• **TASK DESCRIPTION**
Pictures aside, every line of the listing should be given again exactly.

• **RECORDED INFORMATION**
►

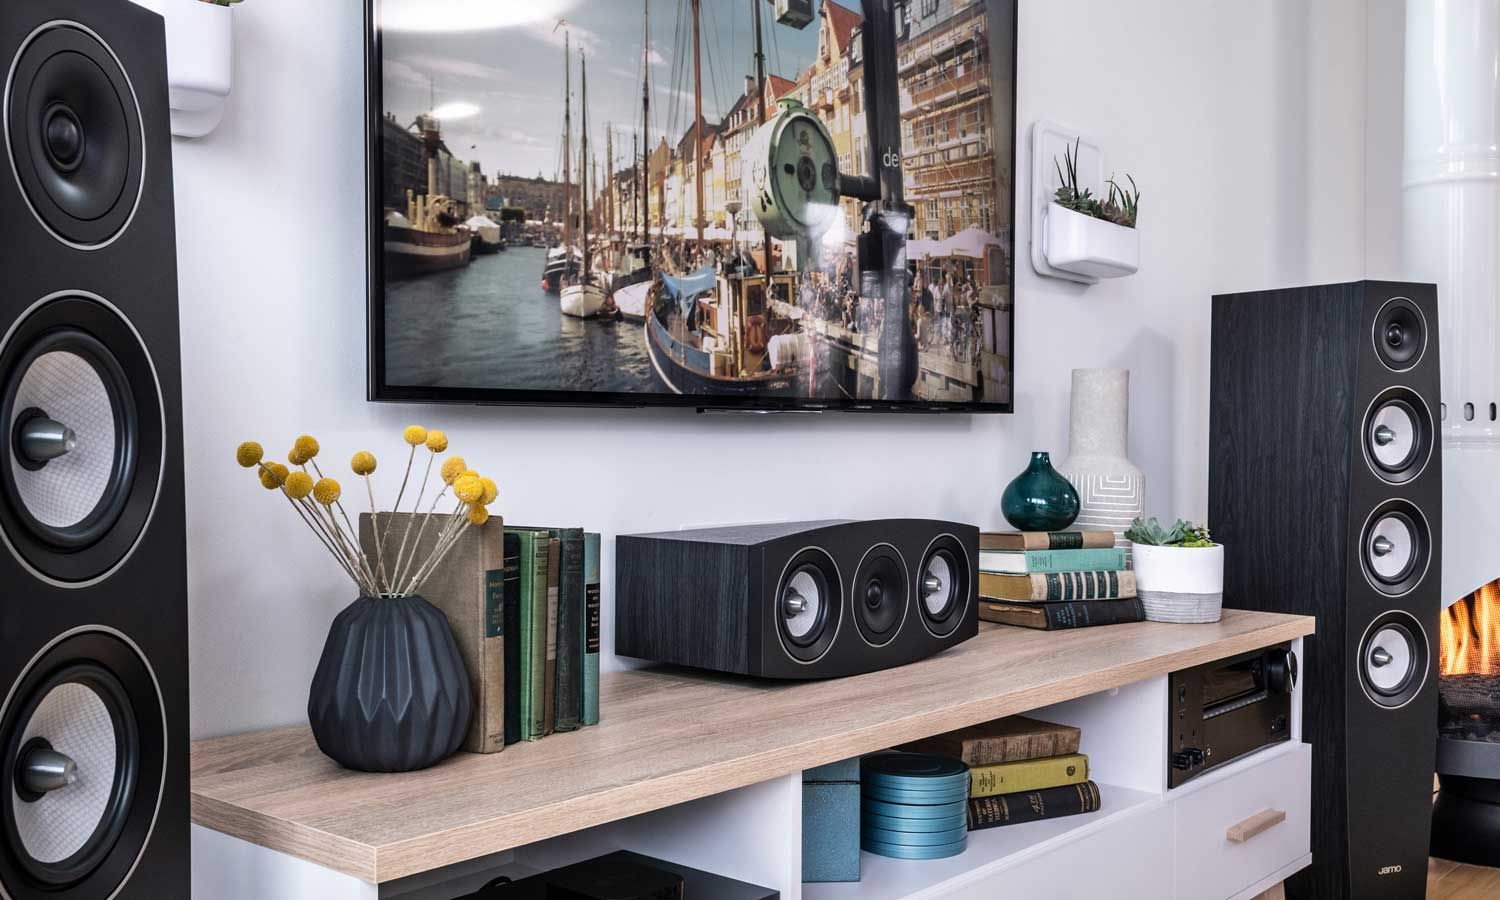 klipsch speakers in a room with a tv on the wall
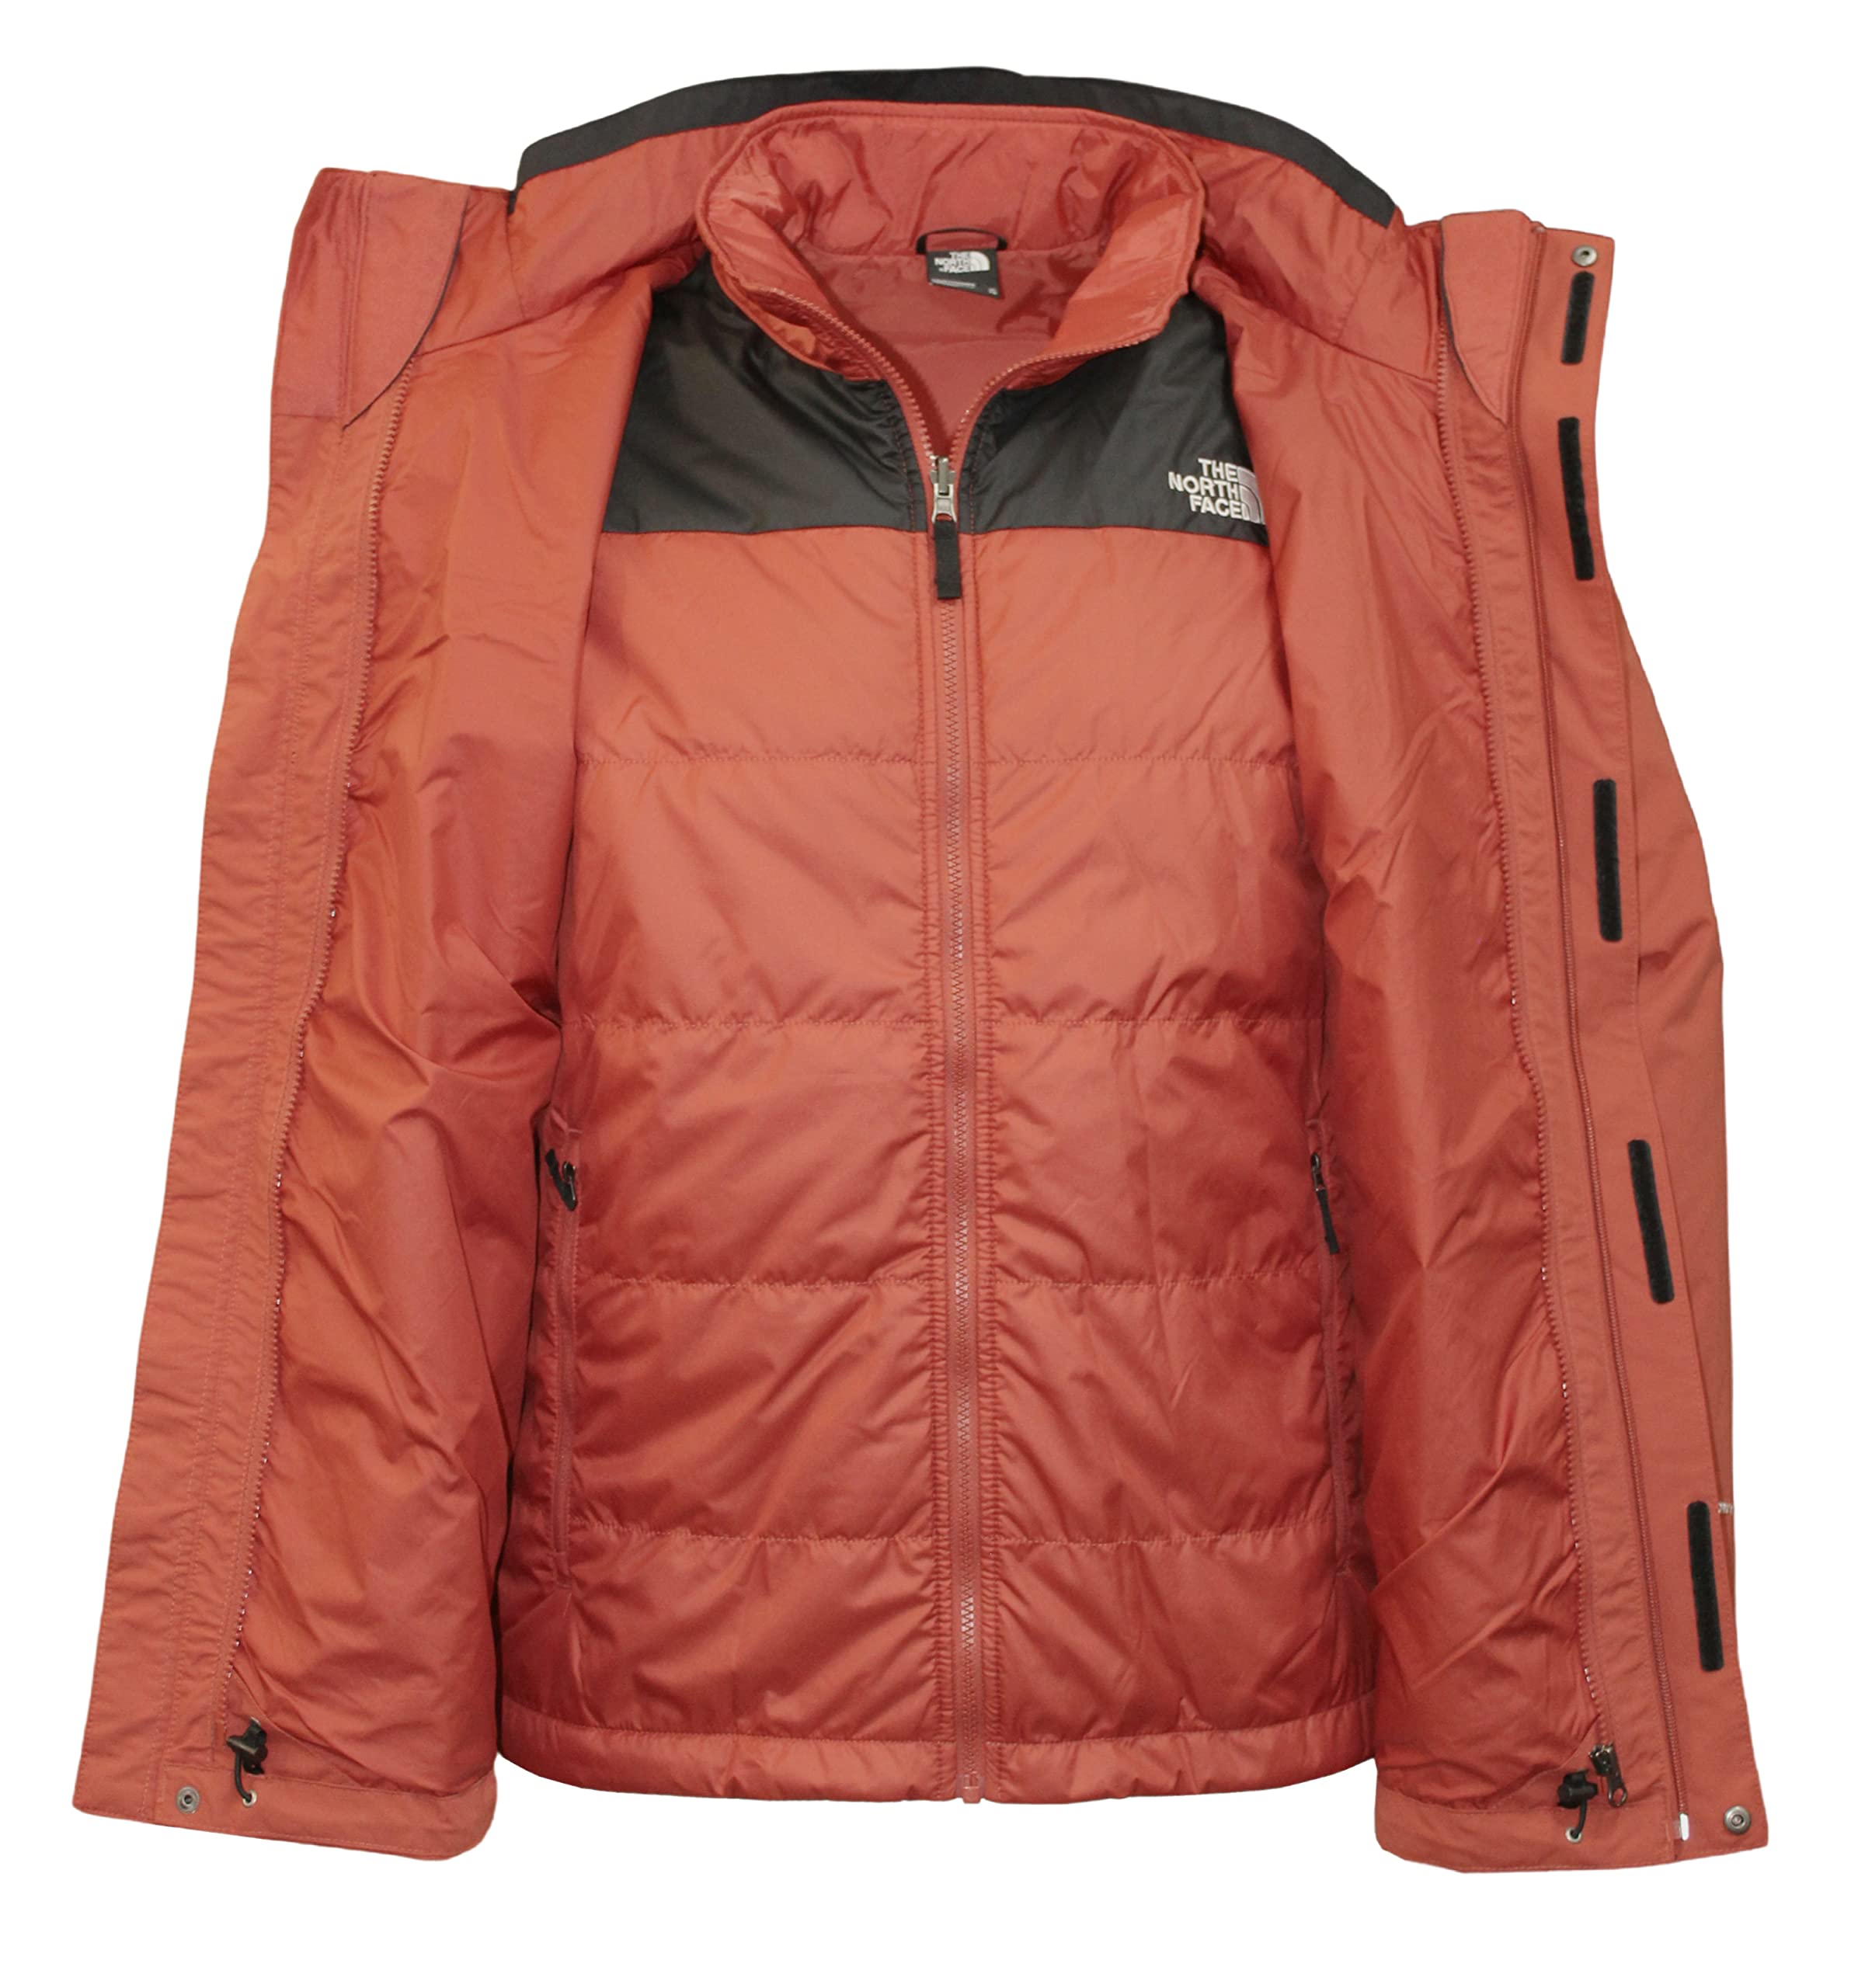 THE NORTH FACE Men's Lone Peak Monte Bre Triclimate 2 Jacket
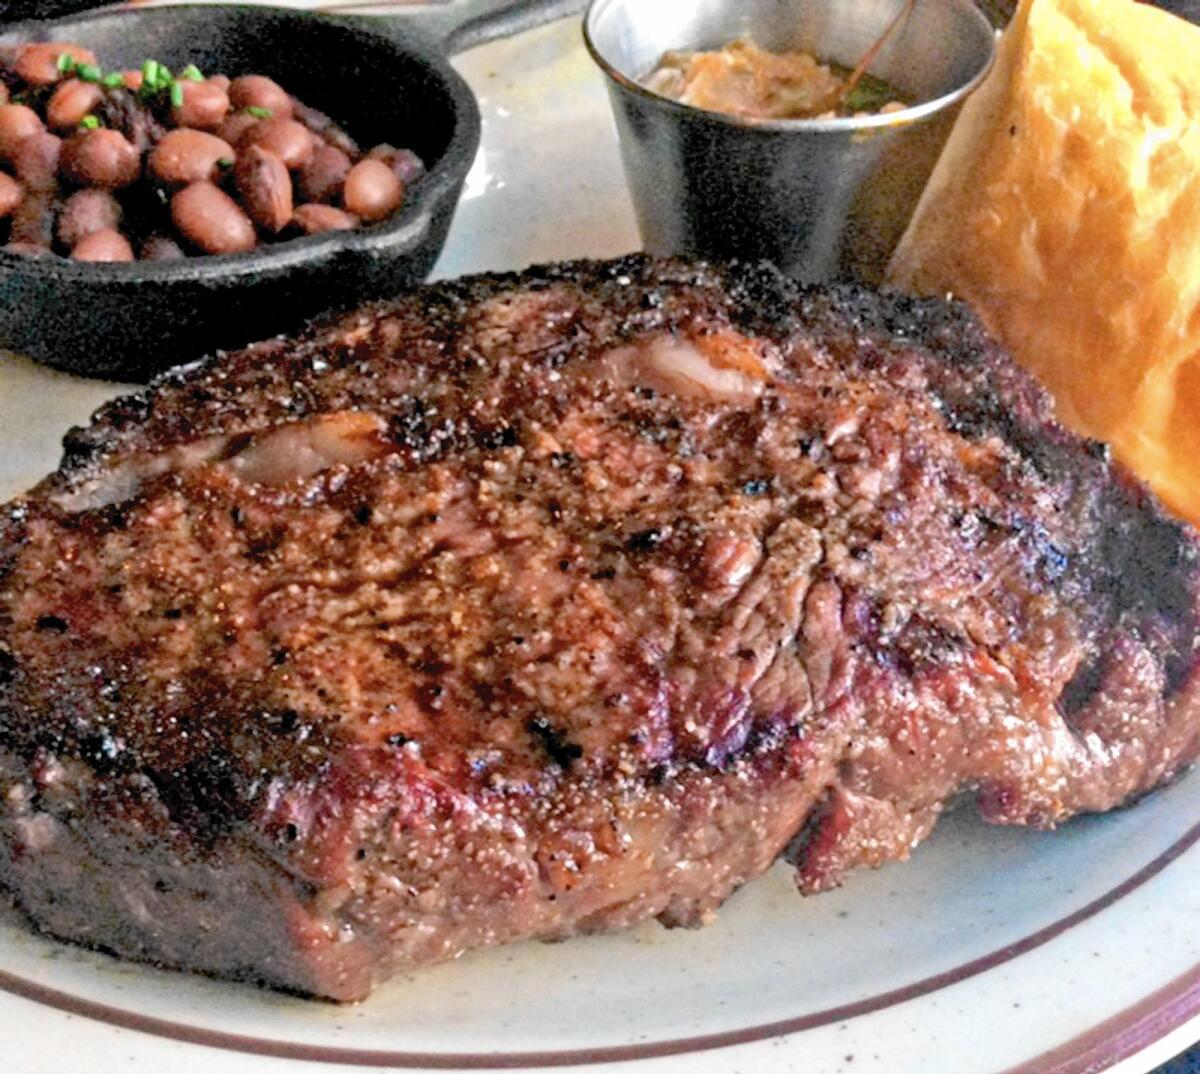 Spencer steak at the SeaSalt Woodfire Grill in Huntington Beach.
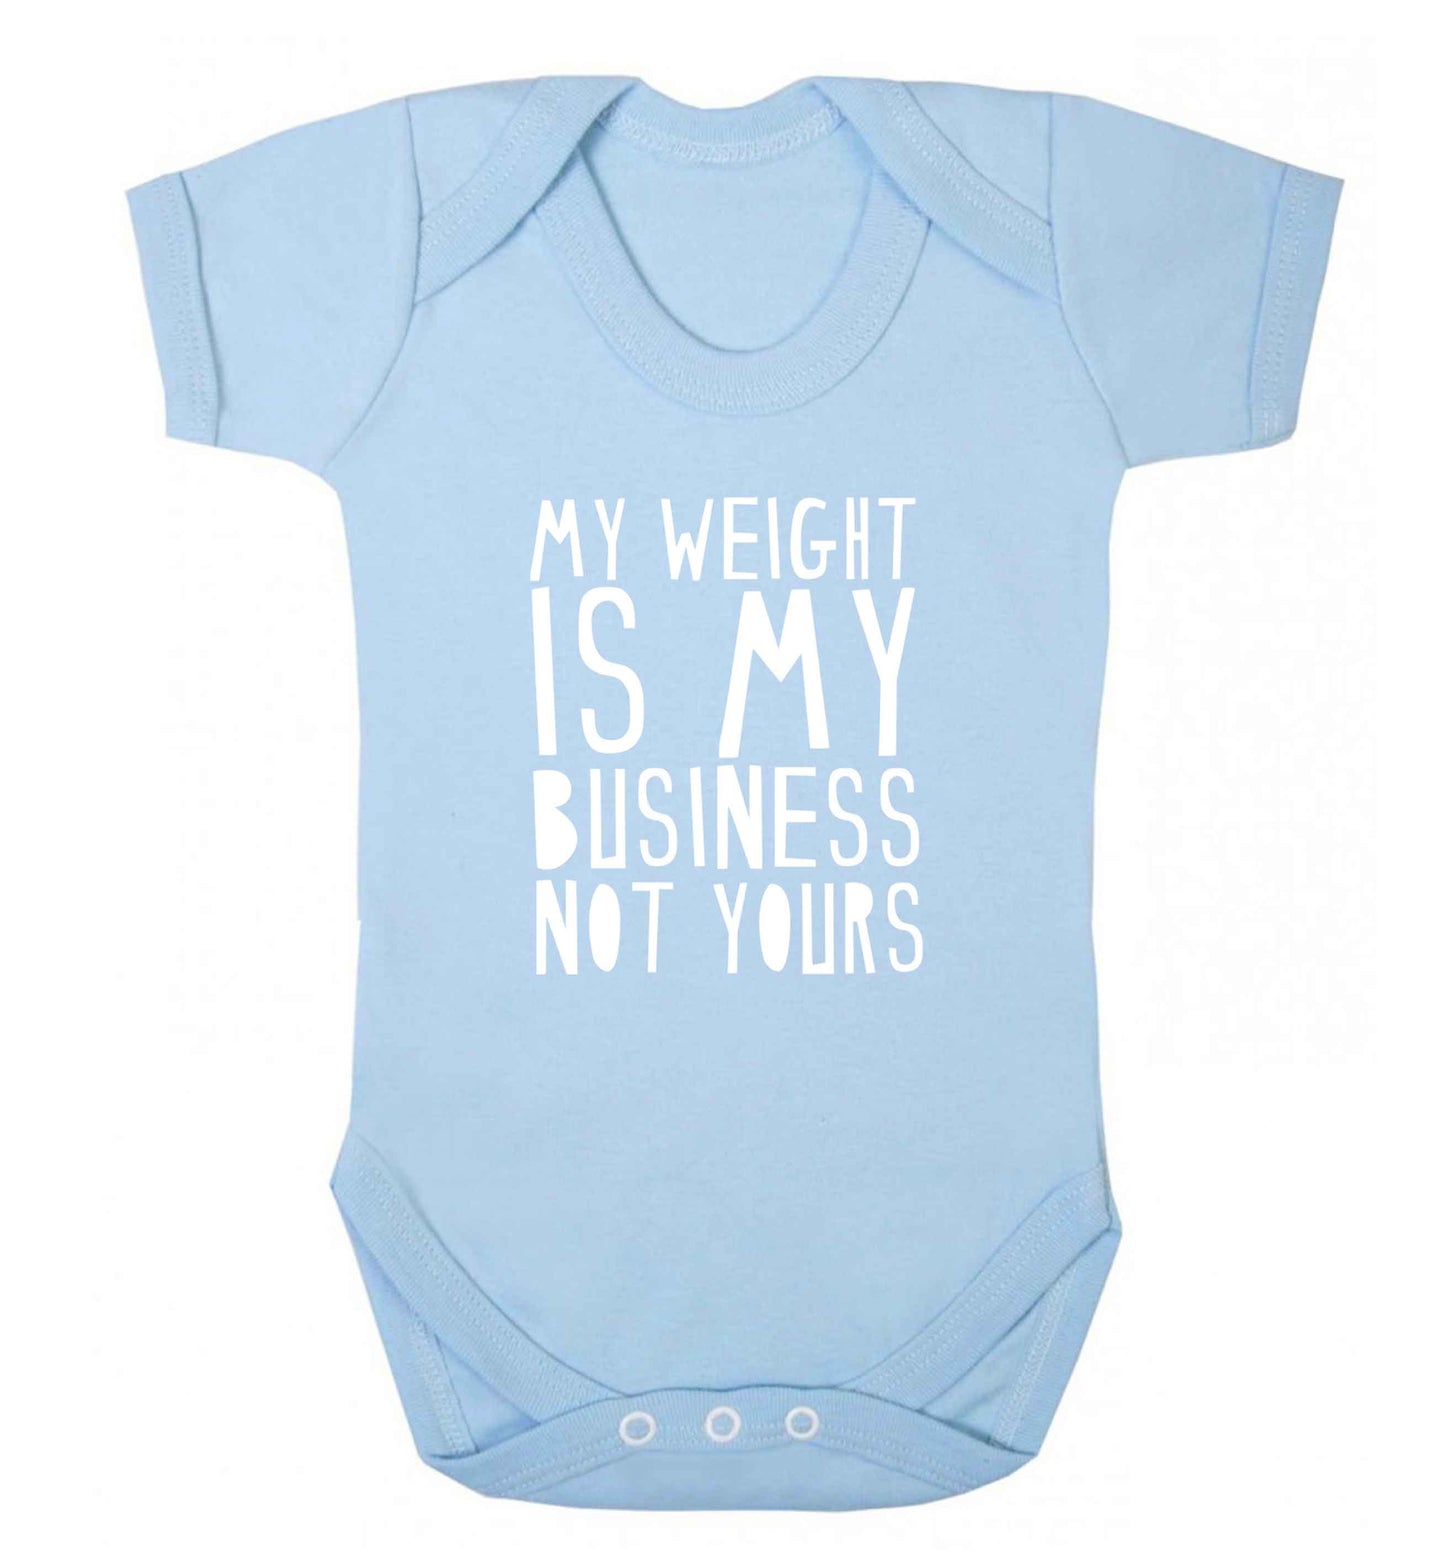 My weight is my business not yours baby vest pale blue 18-24 months

◄

• **EXERCISE ANSWER**
 klipsch speakers in a room with a tv on the wall
 THE NORTH FACE Men's Lone Peak Monte Bre Triclimate 2 Jacket
 Spencer steak at the SeaSalt Woodfire Grill in Huntington Beach.
 My weight is my business not yours baby vest pale blue 18-24 months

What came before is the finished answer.